To the watchman I cried loud enough to be heard, but he stared dead ahead into his own life. He would allow no one access to my room, except the nurse with a needle to stick in my arm. She had memorized a manual of efficiency. She was always on time. I couldn’t help but ask if hourly injections would redeem me from an inability to see light. And if they didn’t work, she said, there was shock treatment.
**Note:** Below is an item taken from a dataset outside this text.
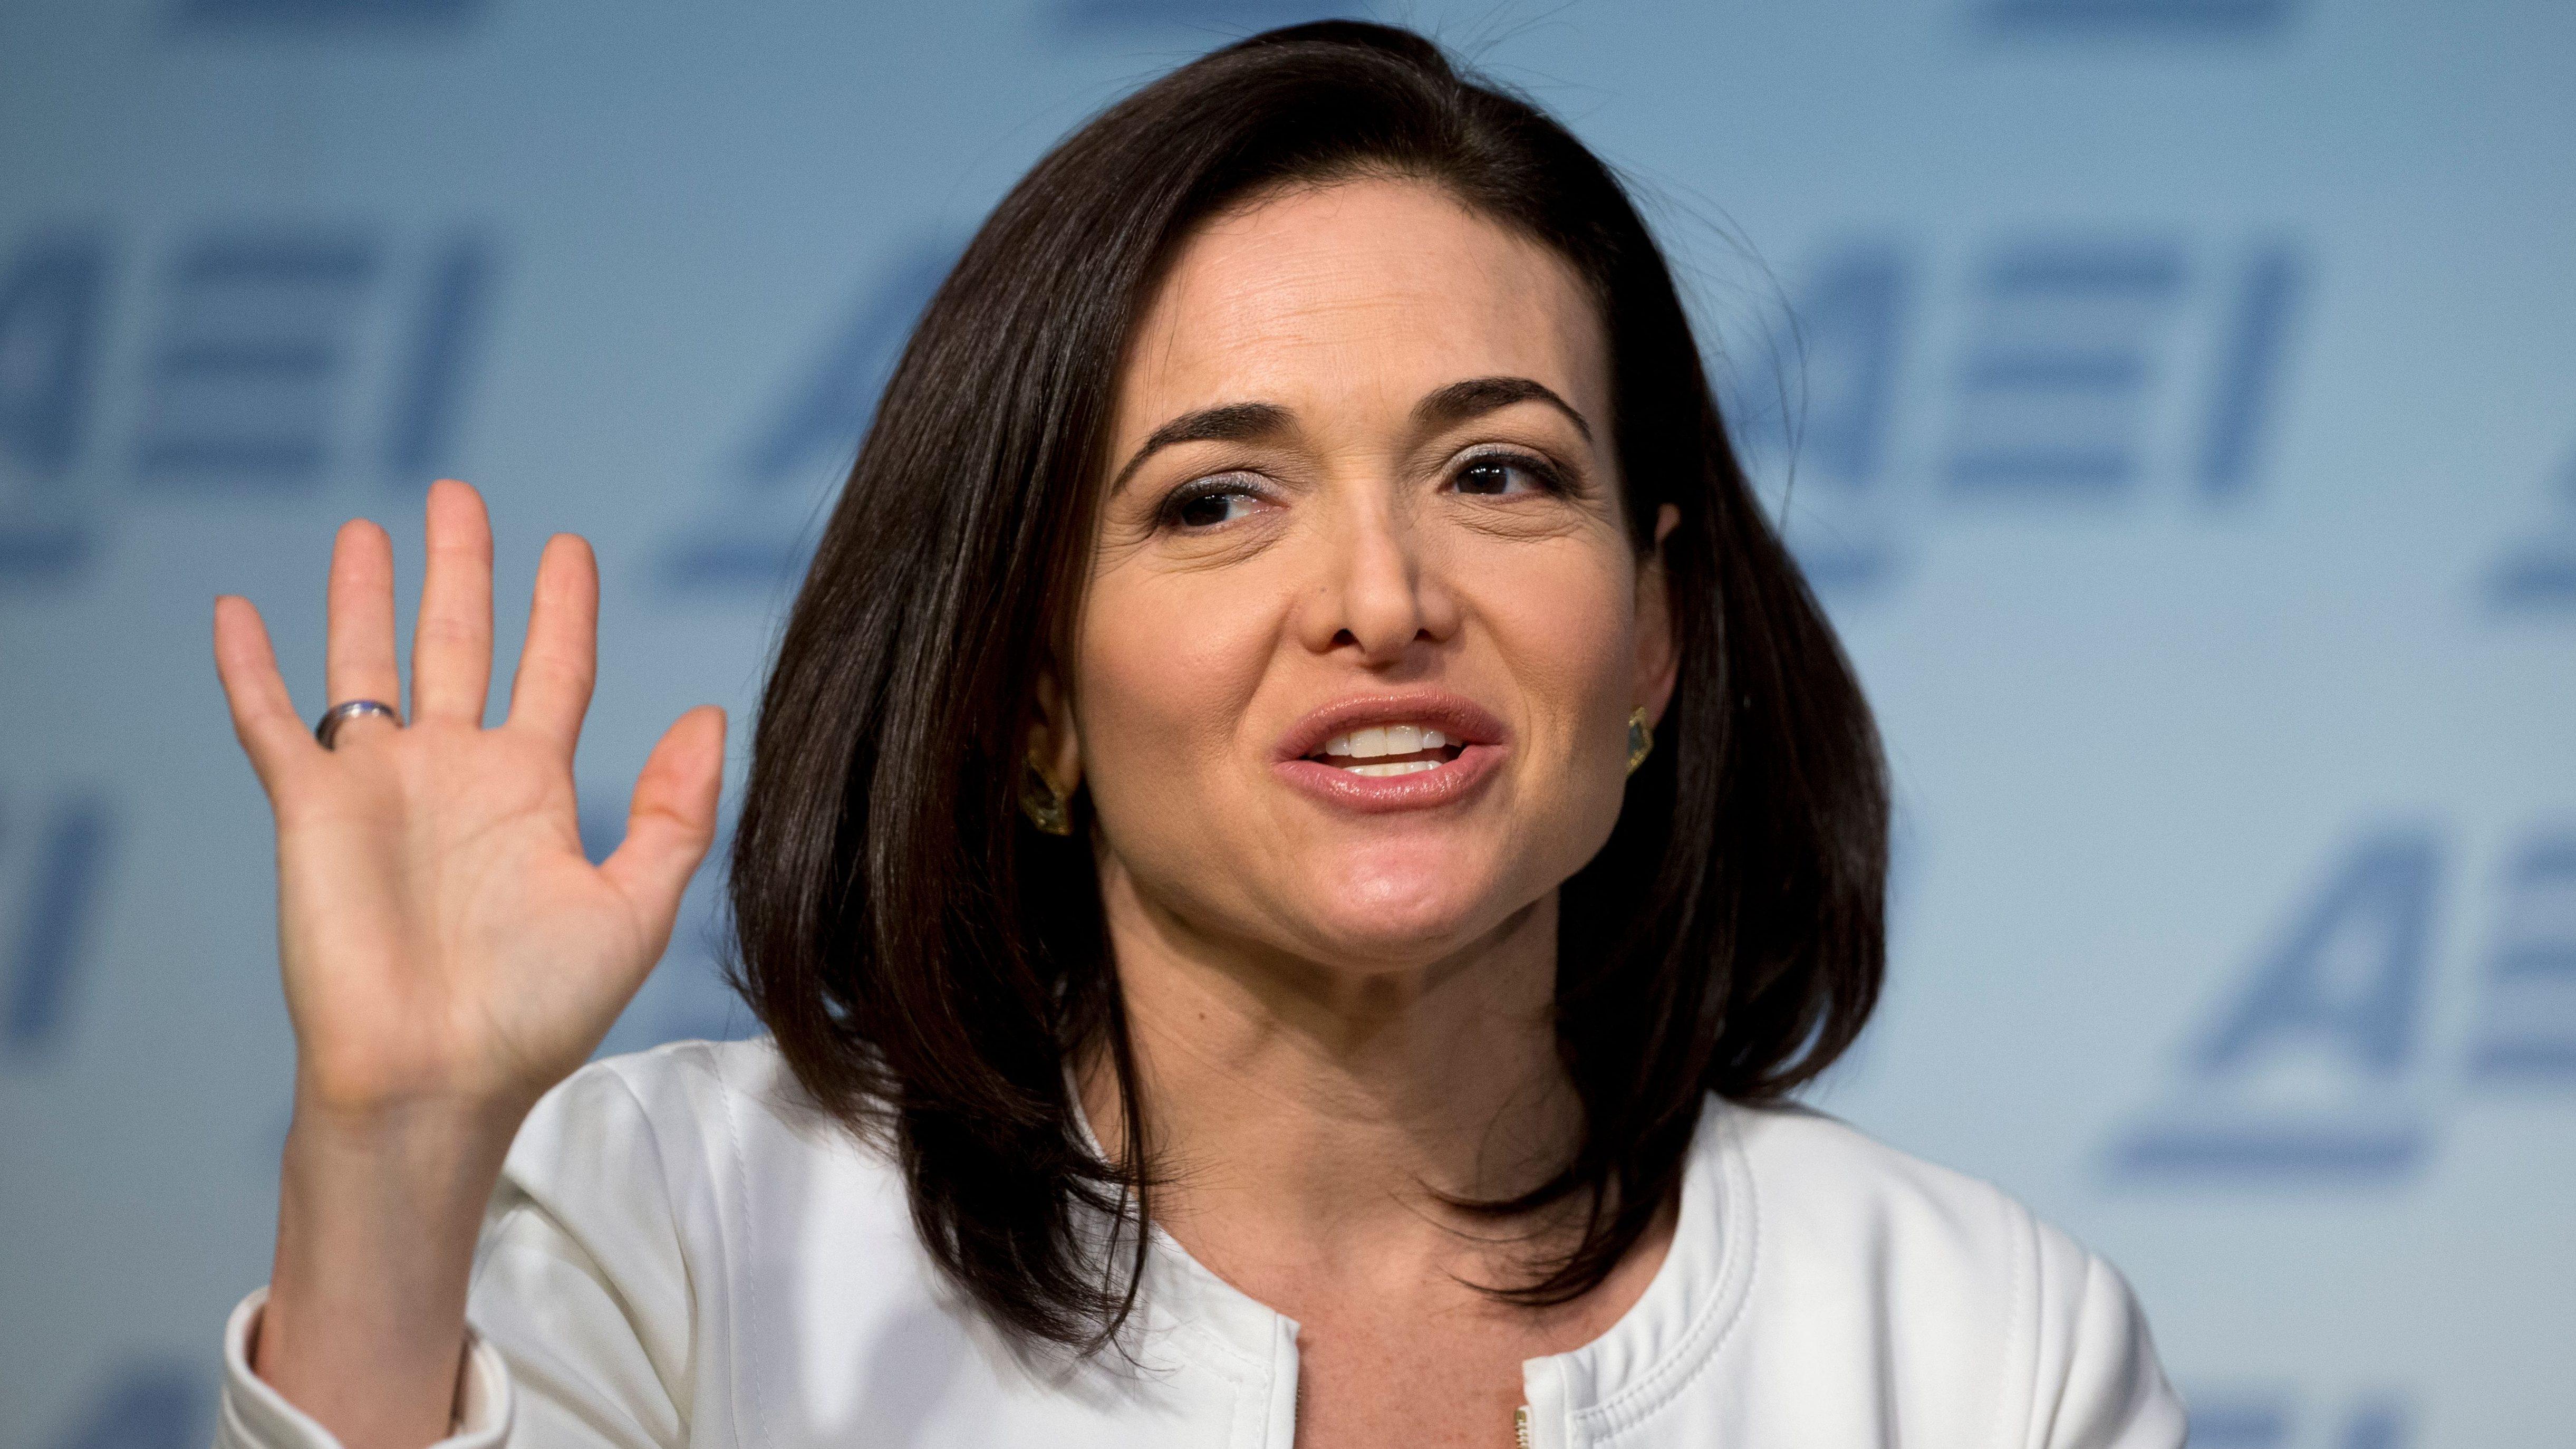 Who is the Sheryl Sandberg depicted in the New York Times ... Sheryl Sandberg Hobbies

I remember again the dance of the watchman, and the nurse. I recall the power moving through them, so hidden, obscene, and they witnessed the power that moved in me. I was frightened by the path they made into my solitude, and they were frightened, too.

FATHER

From the empty motive in his throat to the fright he bore in the shadow of death, my father ruled the earth.

An island stood in the middle of his heart, and long boats moved through his veins, each boat a shout, each shout a spear.

His redemption resided inside silk purses filled with his peculiar visions of heaven. His freedom came in gold and silver.

His being moved like a fat dancer in the thunder and light of the howl of love he found inside trenches of pain.

The old man was a trawler who fished with a net of spines, eyes of wire dragging his charges further into the sea of drowning.

He found his ideas in a deck of cards he shuffled in triumph and rage, his poverty clutched in his fist, his open hand holding

only colour and wind. The man’s kingdom thrived in sight, in sound, in air. His voice was a scream in the cave of loneliness.

His love and kindness brokered his abysmal will. In the genius of hatred, with a hammer of deceit, his dark countenance boasted of trespass,

with laughter mad as torture. Greed defined his holiness, and largesse the miracle of his faith. He stood at the

front entrance of the world wanting peace, and from his place of bones, from the emptiness of denied truth, with words

thin and cruel, and his thought a distillation of fact into fancy, he was the end of all things, and the harsh and horrid beginning of everything.